С какою беспечною легкостью, с каким веселым лицом объявил сегодня царевич, что едет к отцу. Он был точно сонный или пьяный; все время смеялся каким-то жутким, жалким смехом.

«Ах, бедненький, бедненький! – сокрушенно покачал Петр Андреевич головою и, затянувшись понюшкою, смахнул слезинку, которая выступила на глазах, не то от табаку, не то от жалости. – Яко агнец безгласный ведом на заклание. Помоги ему, Господь!» Петр Андреевич имел сердце доброе и даже чувствительное.

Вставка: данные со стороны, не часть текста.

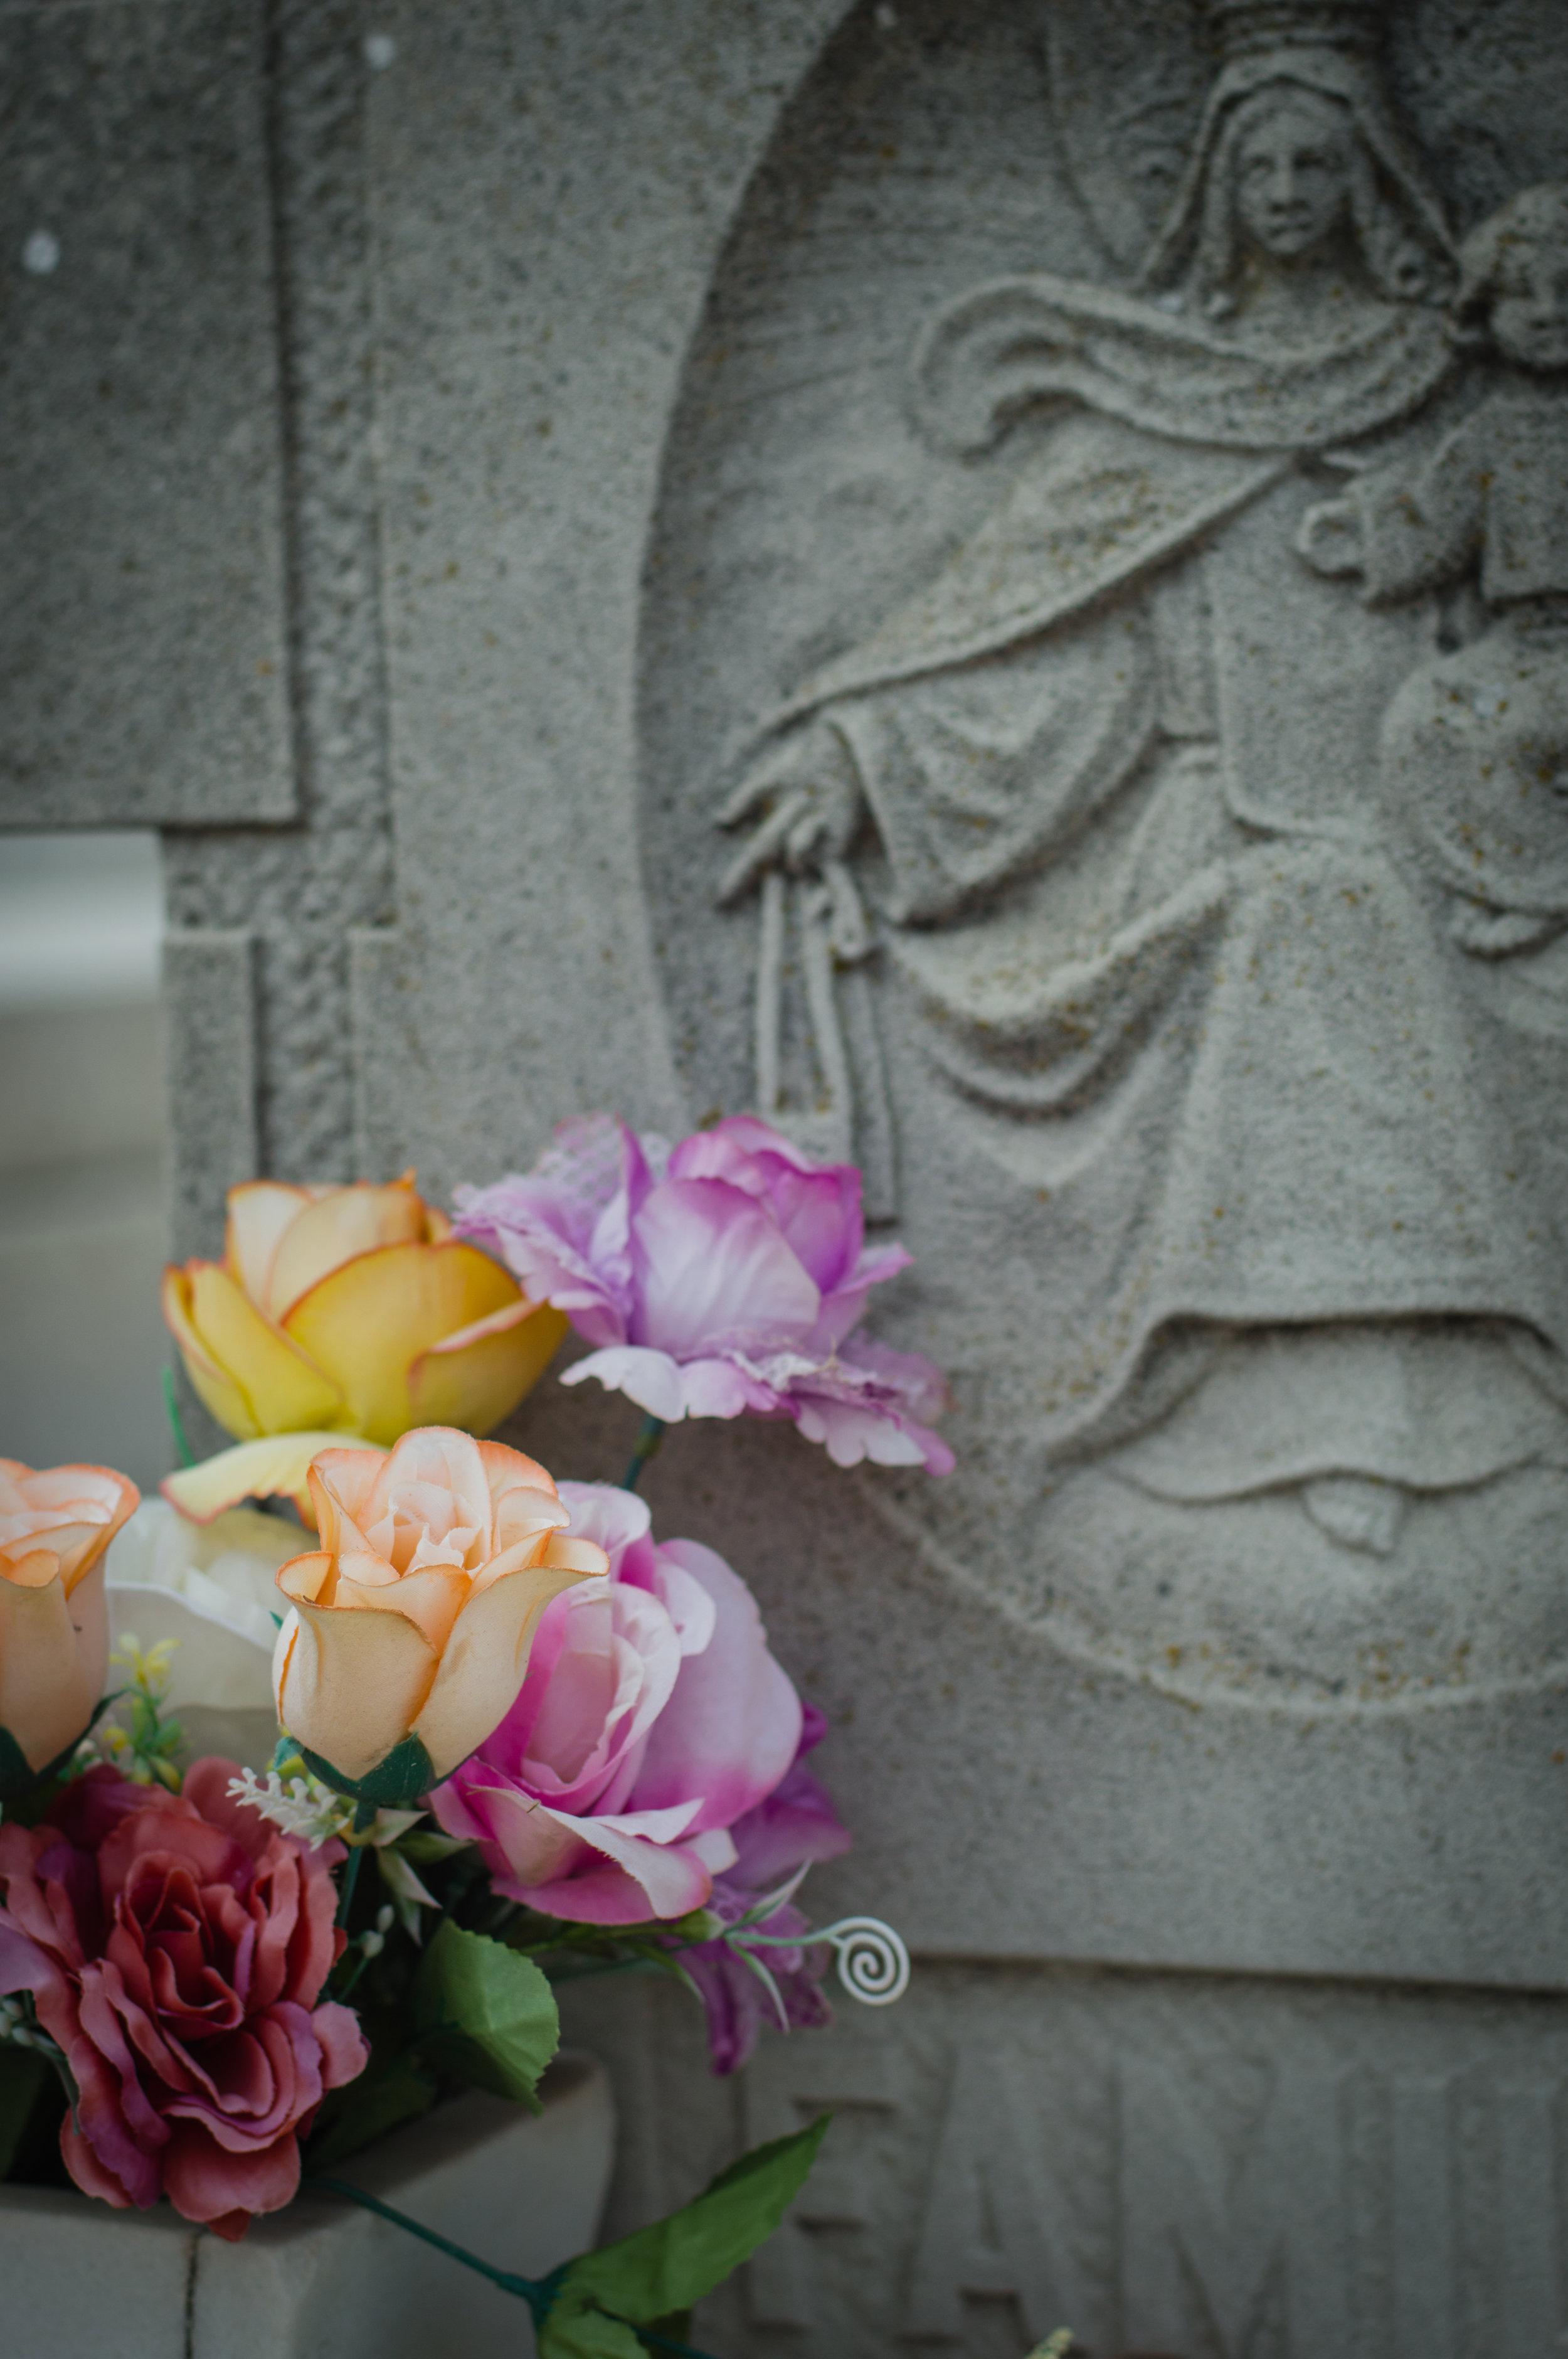 Flores en el cementerio (6 de 18).jpg

«Да, жаль, а делать нечего, – утешился он тотчас, на то и щука в море, чтоб карась не дремал! Дружба дружбою, а служба службою». Заслужил-таки он, Толстой, царю и отечеству, не ударил лицом в грязь, оказался достойным учеником Николы Макиавеля, увенчал свое поприще: теперь уже сама планета счастия сойдет к нему на грудь андреевской звездою – будут, будут графами Толстые и ежели в веках грядущих прославятся, достигнут чинов высочайших, то вспомнят и Петра Андреевича!

«Ныне отпущаеши раба Твоего, Господи!».

Мысли эти наполнили сердце его почти шаловливою резвостью. Он вдруг почувствовал себя молодым, как будто лет сорок с плеч долой. Кажется, так бы и пустился в пляс, точно на руках и ногах выросли крылышки, как у бога Меркурия.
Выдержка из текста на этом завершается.